Owens also knew that most of the migrant farmworkers were hungry most of the time. He found their diet was “grossly inadequate,” since the food they ate “approached the critical level of 50 percent of the recommended minimum daily caloric intake level.”

A man with the teeth of hunger in his belly at the same time he is harvesting crops sprayed with toxins is playing with fire, perhaps even death. The key human enzyme affected by exposure to nerve poisons is known as acetylcholinesterase. Neurotoxic pesticides inhibit the production of this neurotransmitter—and the levels of acetylcholinesterase in the man were taking dangerous dives, Owens noticed, especially when the worker was not eating well. Some 80 percent of the workers developed severe skin rashes; two dozen required medical attention. A worker caught tuberculosis. A child died. A man died. At the Pennsylvania farm where the man died, a helicopter had applied three gallons of the nerve toxins parathion and guthion per acre, 12 times the recommended rate.
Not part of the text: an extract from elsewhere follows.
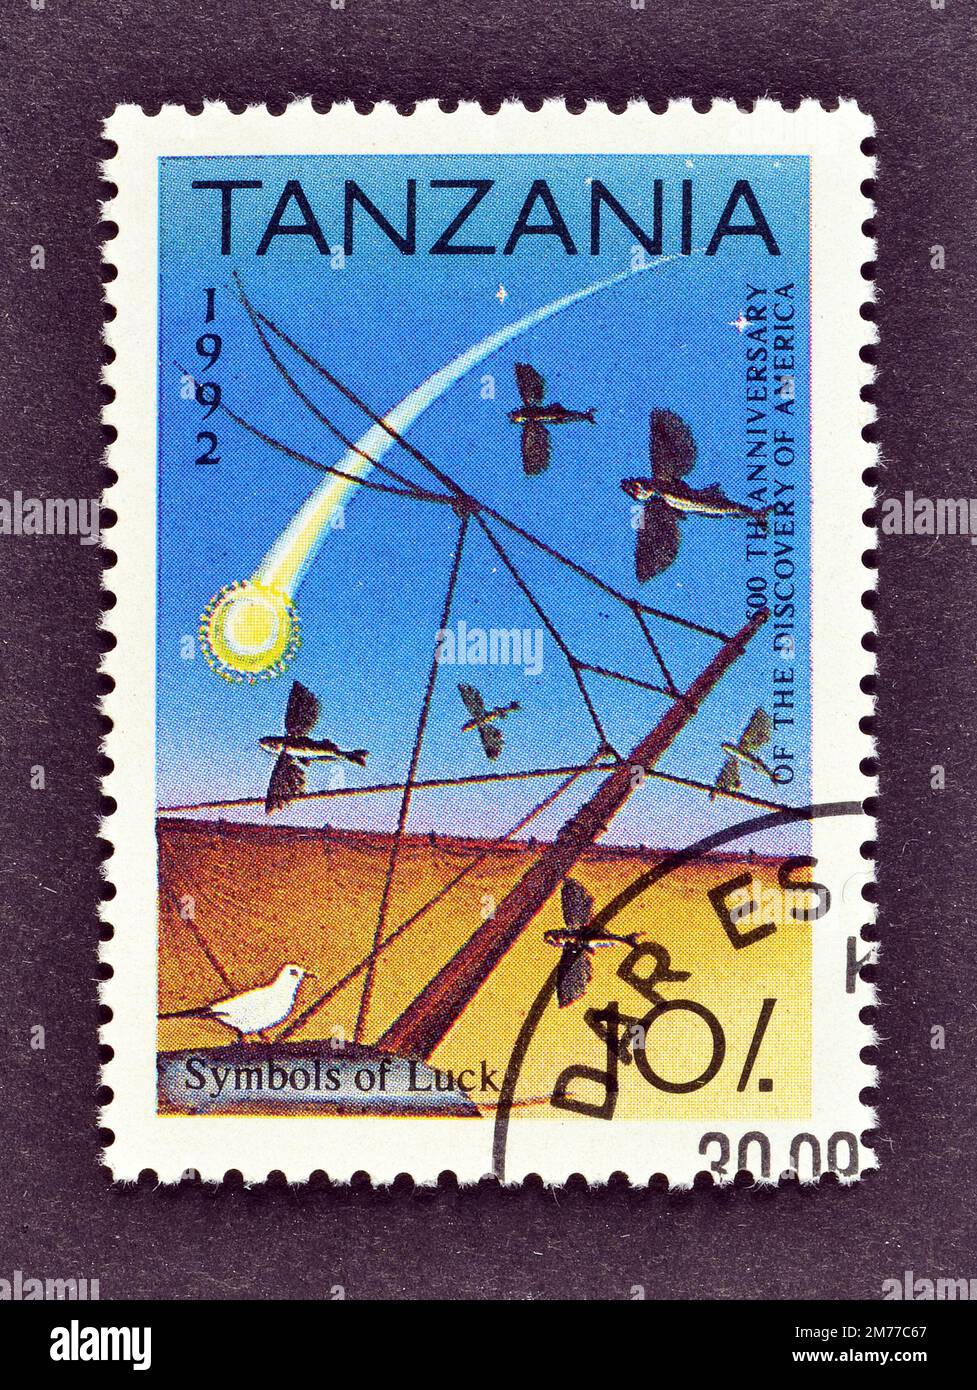 Stornierte Briefmarke gedruckt von Tansania, die Symbols of Luck zeigt, 500. Jubiläum Amerika zu entdecken, um 1992. Stockfoto

The early warning signs of acute or chronic pesticide poisoning are no more distinctive than a headache or dizziness. Unless farmworkers are “down and out,” they are not likely to pay attention to a headache or a “wheezy stomach.” Poor working people don’t stop working “unless they are taken out of a field desperately ill.”

The implication of this finding alone is frightening. Pesticides cripple and kill. They are also responsible for subtle and not so subtle changes in human behavior. A migrant farmworker at the end of a harvest season is not the same person he was when he started his migration. He has been subjected to a variety of “body insults” such as spray poisoning, a bad diet, and very bad living conditions.

Fifty-six percent of the farmworkers had “abnormal kidney and liver functions: 78 percent had severe chronic skin rash; and 54 percent abnormalities in chest cavities,” Owens reported. “Migrant workers are young workers, i.e., mean age of 25 years, but their health statistics resemble those of middle-aged Americans.”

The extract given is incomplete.